About 2014, FOA was contacted by Greg Turton of Cordele, GA. who was curious about what was involved in creating a FTTH network. Greg is a real estate developer who also owns several local hotels. Where he lives and builds homes is way outside of a service area that anybody wants to build good broadband, forget FTTH. Cordele itself has a population of only about 15,000 and is one of those small cities along the Interstate highway that are everywhere in the US.

We answered Greg's questions and led him to some of the FOA Guide web pages and YouTube videos about FTTH to get him started. More conversations discussed how to get connections as an ISP, types of components and suppliers, etc. Fortunately the local electrical utility has lots of fiber but they were restricted from building their own FTTH network because Georgia was one of 19 states where lobbyists for the incumbent providers got laws passed restricting their ability to operate a FTTH system themselves. But they were more than willing to lease dark fiber to Greg at really good rates. And there were good choices on getting an Internet connection. As he got more serious about the project, we introduced him to two FOA Master Instructors, Eric Pearson and Dominick Tambone, in Atlanta, just two hours away.

Greg hired Eric to come to Cordele and train him and several more of his people. Eric taught them how to work with cable, prepare the cable and splice it, dress cables in splice closures, pedestals, manholes, etc. Eric, Dominick and the FOA had many conversations with Greg about his project and the potential suppliers to it. As construction began, Dominick came down to Cordele to help with the early installations.

Now that you know where we're going with this story, let's talk about Greg. He is not your usual fiber optic project manager. First he is a second generation developer, following in his father's footsteps. He is accustomed to getting into the depths of a project, understanding the risks and making investments. He's also a "tinkerer" - he likes projects and challenges. He's a private pilot who has invented and manufactures two types of air conditioners for small airplanes which he built in his shop and tested in his own airplane. He makes electrical hardware he invented for his own hotel to make using tech devices more convenient for his guests. He also has a great crew of people working for him and lots of local connections.

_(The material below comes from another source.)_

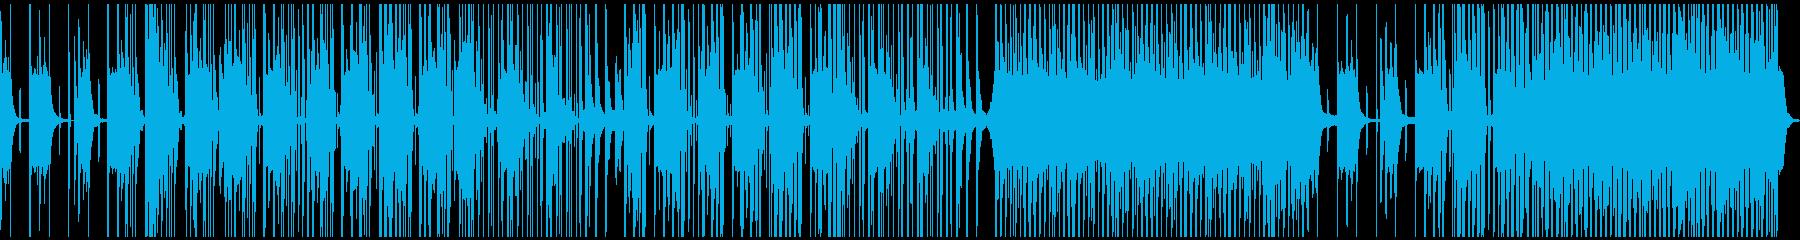 ポップ テクノ ドラム & ベース...の再生済みの波形

To Greg, FTTH was another challenge, and after he became educated himself, he knew he and his crew could build it themselves.

And they did!

FOA visited Greg and his crew recently (they now are known as "Southern Fiberworx")  and saw what they have done. It's amazing - simply amazing - and should be an inspiration to any other group wanting to build their own system. Here's some photos and descriptions of their project.

Greg Turton

Meet Greg Turton. Greg and his crew had a lot to learn and accomplish before the project even started, as we mentioned above. They also had to figure out how to document the system as they designed and built it, something they accomplished using Google Earth.

SF design

As they started buying equipment for splicing and testing, the needed a splice trailer. No problem, they built one.

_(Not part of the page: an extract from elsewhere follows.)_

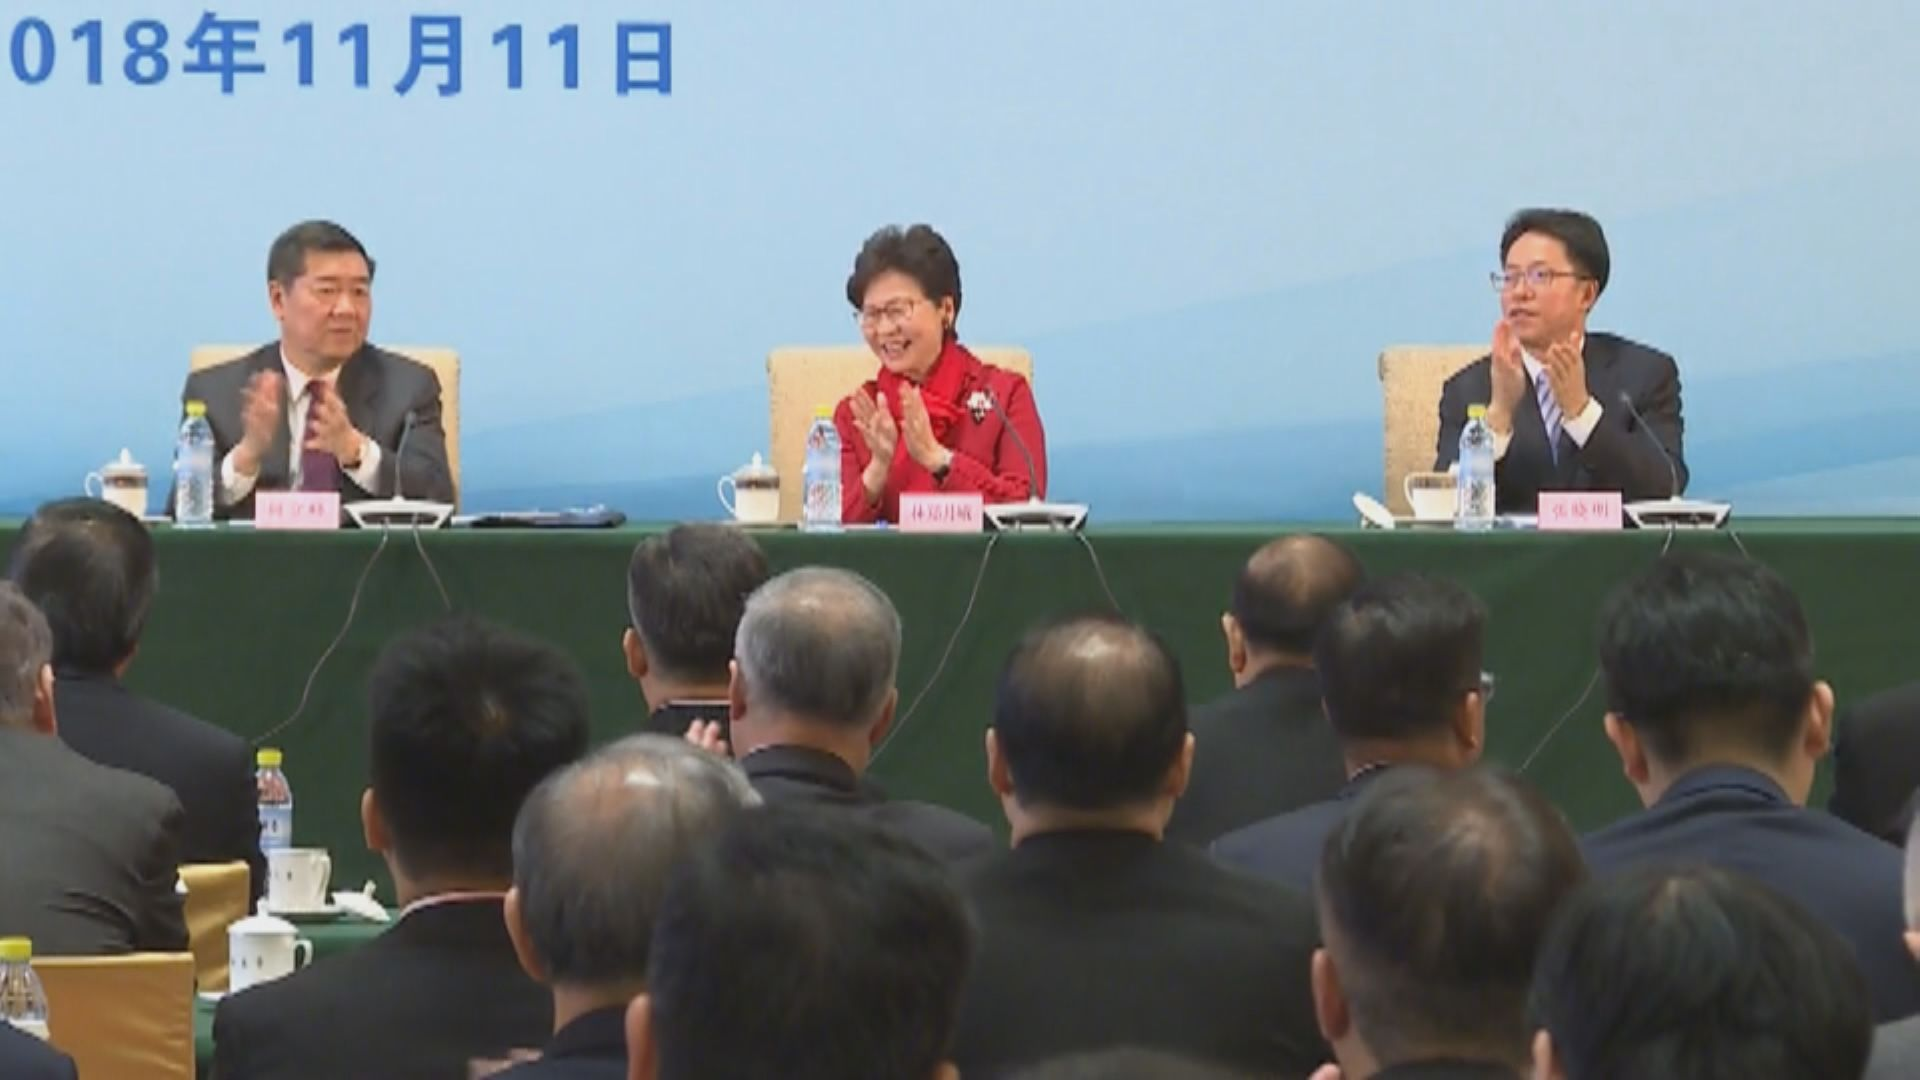 林鄭月娥:改革開放香港既貢獻亦受惠

Based on their training, they knew they needed a splicing trailer for work in the chageable South Georgia weather. A small converted travel trailer provided the base for their splicing trailer and they furnished the inside with a work counter and racks and cabinets for storage. Air conditioning was furnished by a local company that wants a fiber connection themselves. The white rectangle on the right is the entry for the fiber optic cables being spliced - a converted home doggy-door!

SF rent backhoe

Rather than investing in heavy equipment, they rent from local companies. They converted a large utility trailer to carry cables and conduit.

SF Backhoe

Most cables were installed by trenching. In an area that has lots of underground utilities, they had to be very careful. They started by calling utilities before they started and manually digging holes before using the backhoe. Finding after a few near-misses that wasn't sufficient, they bought a top quality underground locator and learned how to use that to double-check before digging.

SF directional boring

To avoid digging up paved roads or driveways, they used directional boring. It also worked well for several bridges crossing small streams.

SF Pedestal

Splice closures were put into hand holes or pedestals like this one. The cable was laid along two lane roads along with other utilities.

SF cabinet

Here's Greg with one of the equipment pedestals needed to get connections into a remote area.

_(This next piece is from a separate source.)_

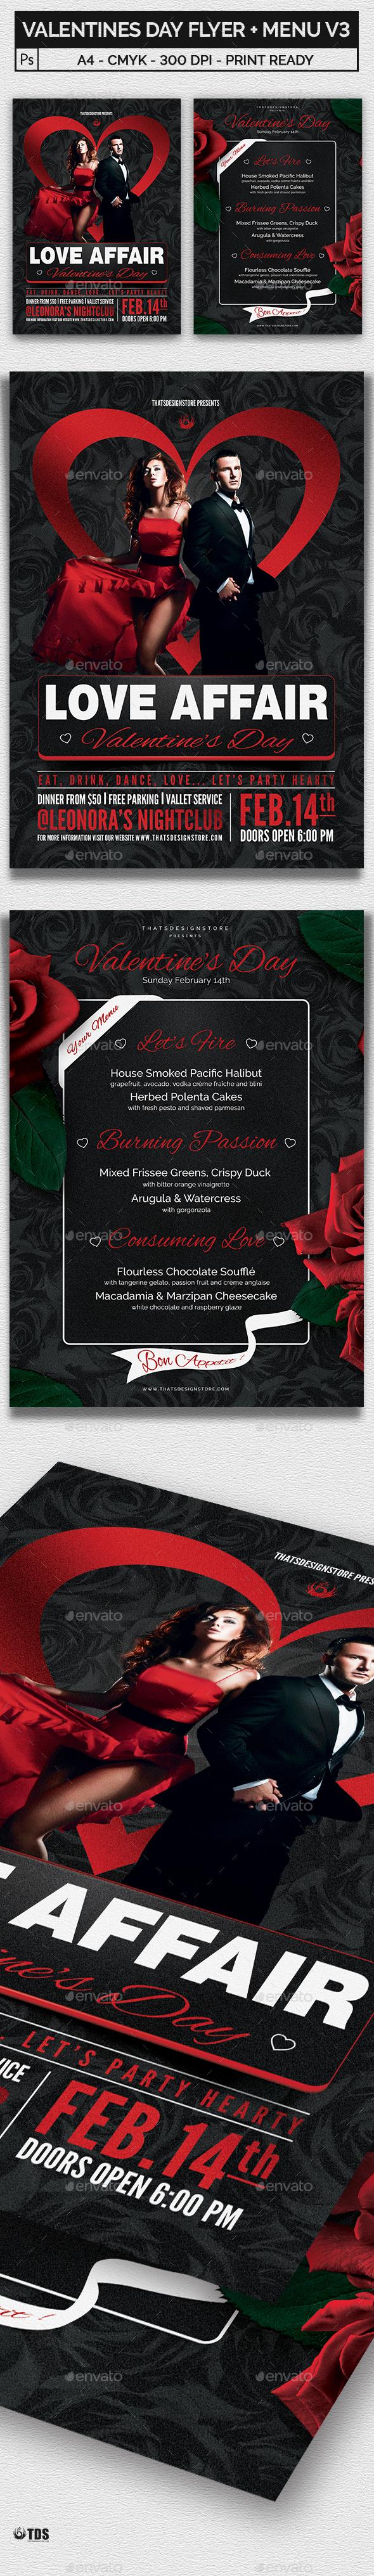 Valentines Day Flyer + Menu Bundle V3 - Holidays Events

Neat splice trays - they learned well from Eric Pearson's training.

SF Greg and david

Here's Greg and David Herlovich, his assistant, with the equipment for their head end. They chose ADTRAN equipment for their system because of their reputation, knowledge and support, plus they are nearby in Huntsville, AL so Greg can fly his plane over to visit the factory when necessary.


The proof is in the performance, of course. This is a computer at Greg's house connected to his network doing a speedtest.


And there you see the results of the speedtest on a "do it yourself" gigabit FTTH network.

When we visited Greg in November, 2015, Southern Fiberworx had just started installation. They had already connected 30 homes and had over 100 scheduled for installation. His original goal was to pass about 800 houses in his development and sign up 30-40%. Southern Fiberworx works like Google Fiber; get your neighbors together and sign up and they build that neighborhood next.

While we were in Cordele, we talked to some local businesses and discovered that what Greg had been telling us was true - the local enthusiasm for what he was doing was amazing and people want to get connected ASAP. Because Greg knows practically everybody in town and has talked to many as he got permits and help building the system so far, they know what he's doing and want him to expand beyond his development to cover the entire town. As the word spread, the county expressed similar interest in his expanding the Southern Fiberworx footprint to cover the county. Then the next county approached him with the same idea.

While we were in Cordele, Greg asked us to visit his bankers who wanted to know more about building a FTTH network - you know, from the investment point of view. To date, no kidding, Greg has funded Southern Fiberworx out of his pocket! Yes, it does not cost that much to get something like this started. But if he expands to the city of Cordele and the two local counties, he may need to get financial backers. We pointed out to the bankers that FTTH provides high income with little overhead making good cash flow. In addition, recently two CATV systems had been sold for $5-6000 per subscriber - a whole lot more than it cost to connect each of Southern Fiberworx subscribers on gigabit FTTH. If that's not a good return on investment, what is?

Southern Fiberworx is not the only independent FTTH network FOA has been working with. We get calls often asking how to get started and this is the best example we have seen yet!

Connect Anza

Connect Anza Logo

In late 2014, Kevin Short, General Manager of the Anza Electrical Cooperative called FOA to ask questions about building a fiber optic network. FOA visited Kevin and subsequently met with the Board of Directors of the Coop to discuss ideas about building a fiber network over their electrical network. Their electricity supplier was pushing them to build fiber for grid management (Smart Grid) and it seemed reasonable to assume that once the backbone was built, expanding to provide Internet to their customers was possible.

Anza - Kevin
Kevin Short, GM, Anza Electrical Cooperative

There was certainly a desire for better Internet because they did not have any. It's easy to understand why. Anza is really, really rural - located in the Southern California high desert at the southern end of Mount San Jacinto State Park.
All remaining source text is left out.